11.4 Round-trip fidelity
Translation is not lossless in general. What survives a round trip (\(\mathrm{parse}_A \to \mathrm{emit}_B \to \mathrm{parse}_B \to \mathrm{emit}_A\)) depends on how much structural territory the two formats share.
Two sources of information loss exist.
Parse loss. When \(\mathrm{parse}_A\) reads a source document, constructs with no graph-level equivalent are dropped. SQL CHECK constraints containing arbitrary expressions may be captured only as opaque annotations.
Emit loss. When \(\mathrm{emit}_B\) writes a target document, constructs in the Schema graph with no target-format equivalent are dropped or approximated. Hyperedges are dropped when emitting to a format with no hyperedge concept.

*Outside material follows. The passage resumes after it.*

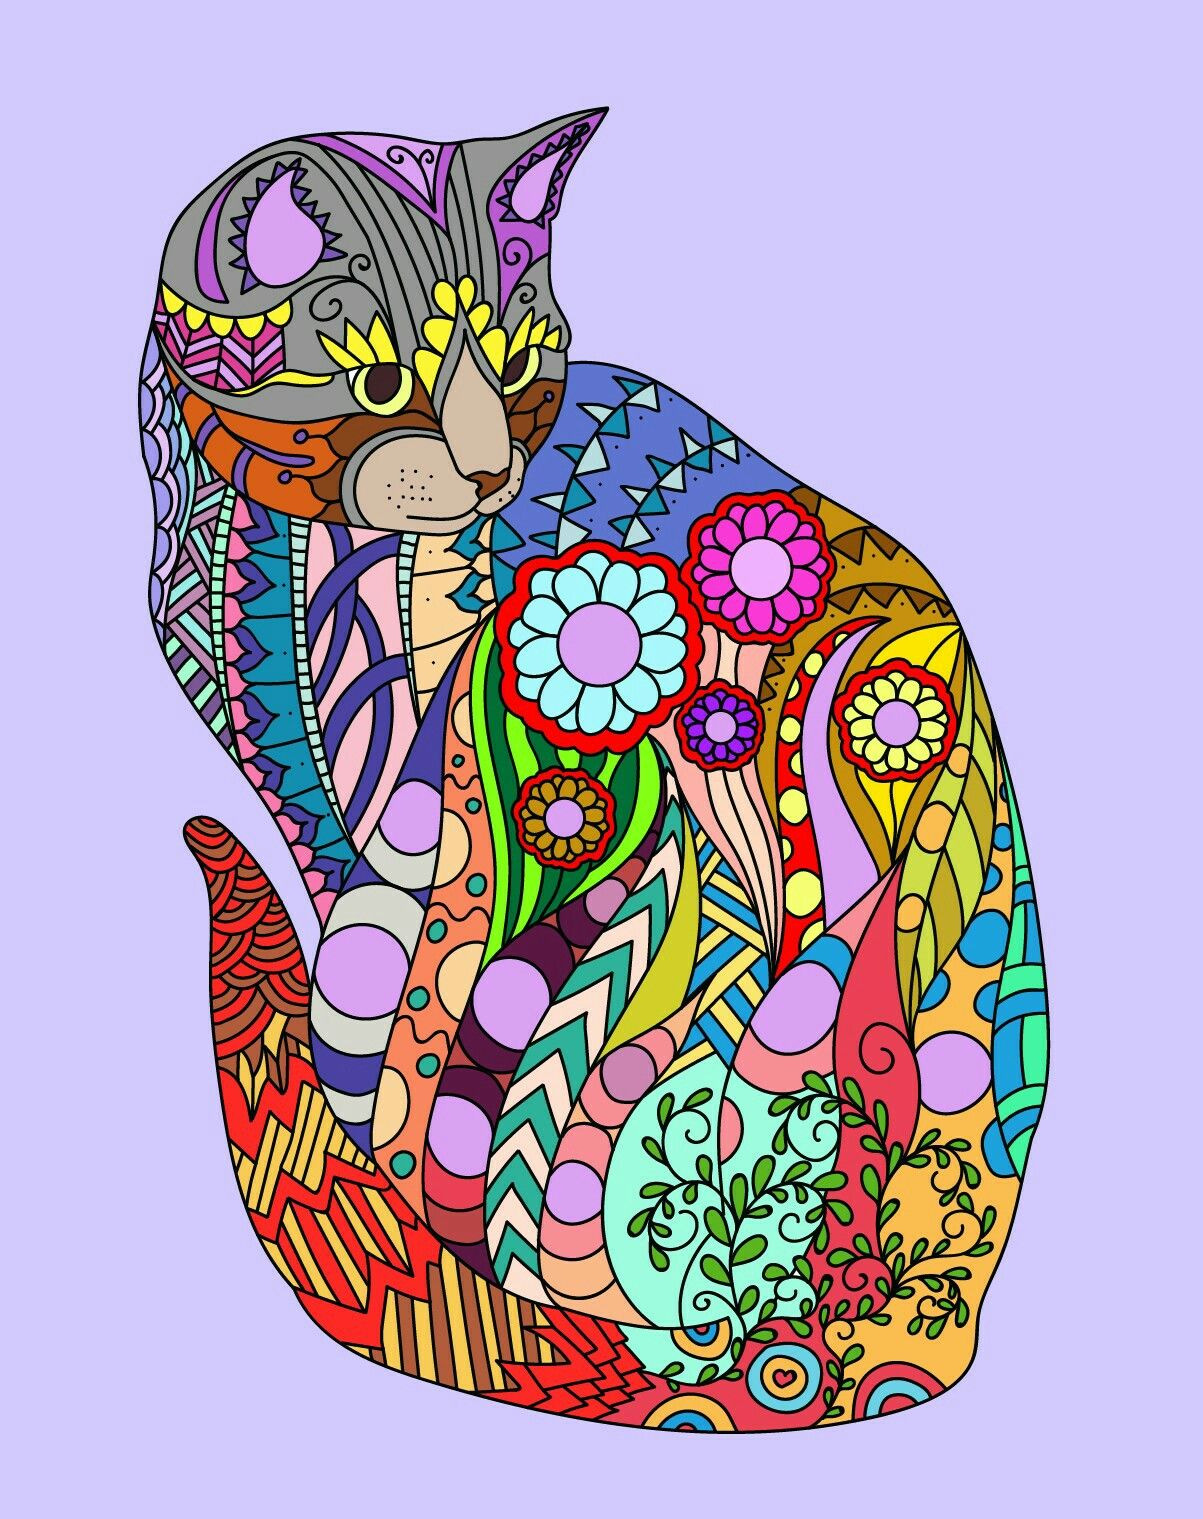 Pin By Mere On Design Decor Cat Art Print Cat Painting Cat Art [ 1519 x 1203 Pixel ]
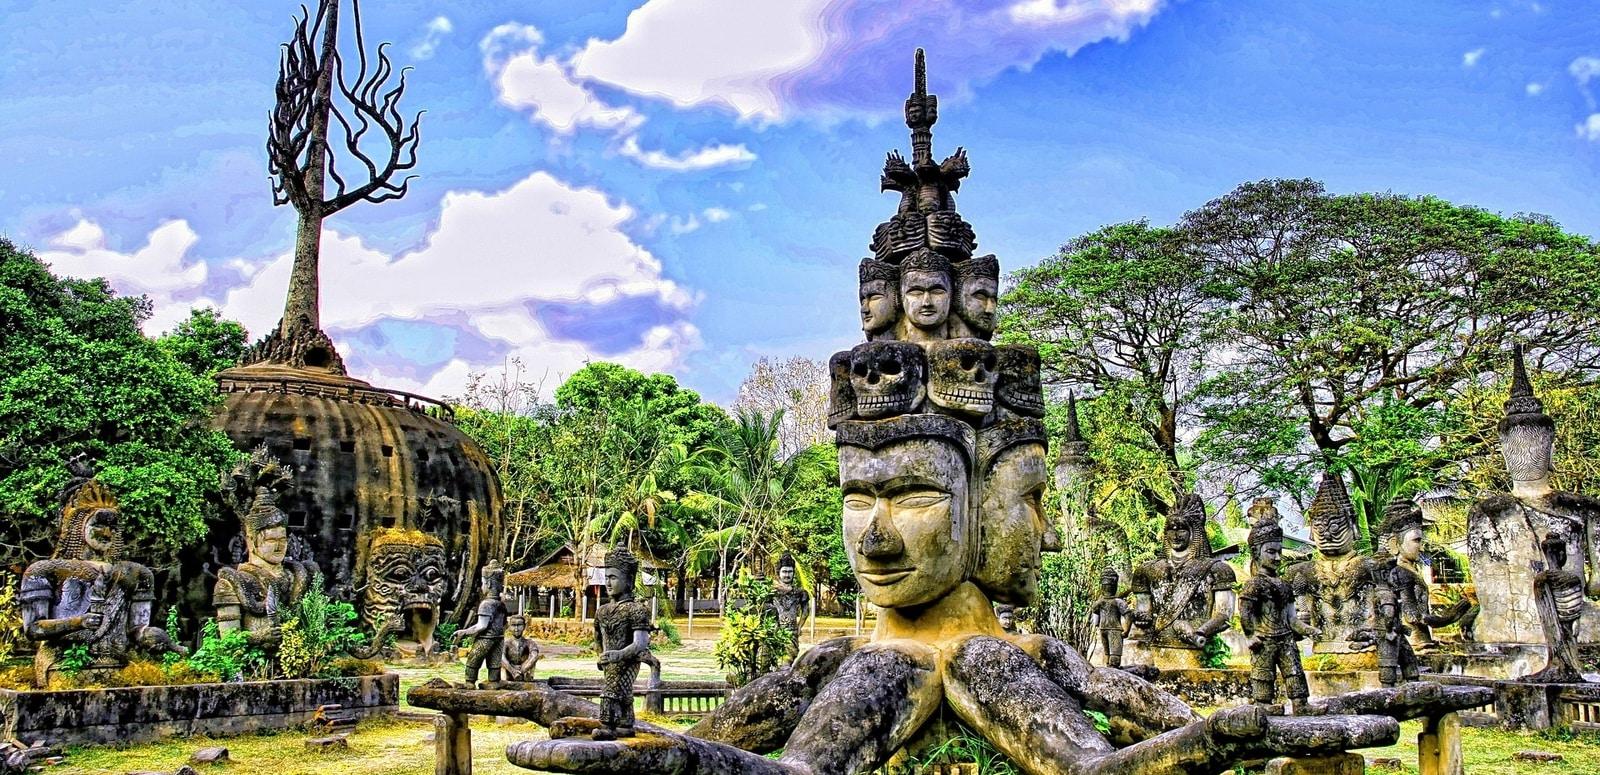 1464188669_civilization_maya_vientiane_laos_statue_25388_1920x1080.jpg

| Translation | What survives | What is typically lost |
|---|---|---|
| JSON Schema to TypeScript | Field names, types, optionality | Constraint keywords (maxLength, pattern) |
| SQL DDL to Parquet | Column names, types, nullability | Foreign keys, CHECK constraints, defaults |
| GraphQL SDL to OpenAPI | Type names, field names, types, interfaces | Directives, resolver-level semantics |
| Protobuf to FlatBuffers | Message names, field names, types | Field numbers, service definitions |
| Protobuf to GraphQL | Type names, field names, types, enums | Field numbers, wire encoding, streaming RPCs |
| ATProto Lexicon to ActivityPub | Content structure, timestamps, references | Grapheme constraints, record keys, NSIDs |
The middle column corresponds to the structural skeleton: the graph of types and relationships. The right column corresponds to format-specific decorations outside the Schema graph’s scope.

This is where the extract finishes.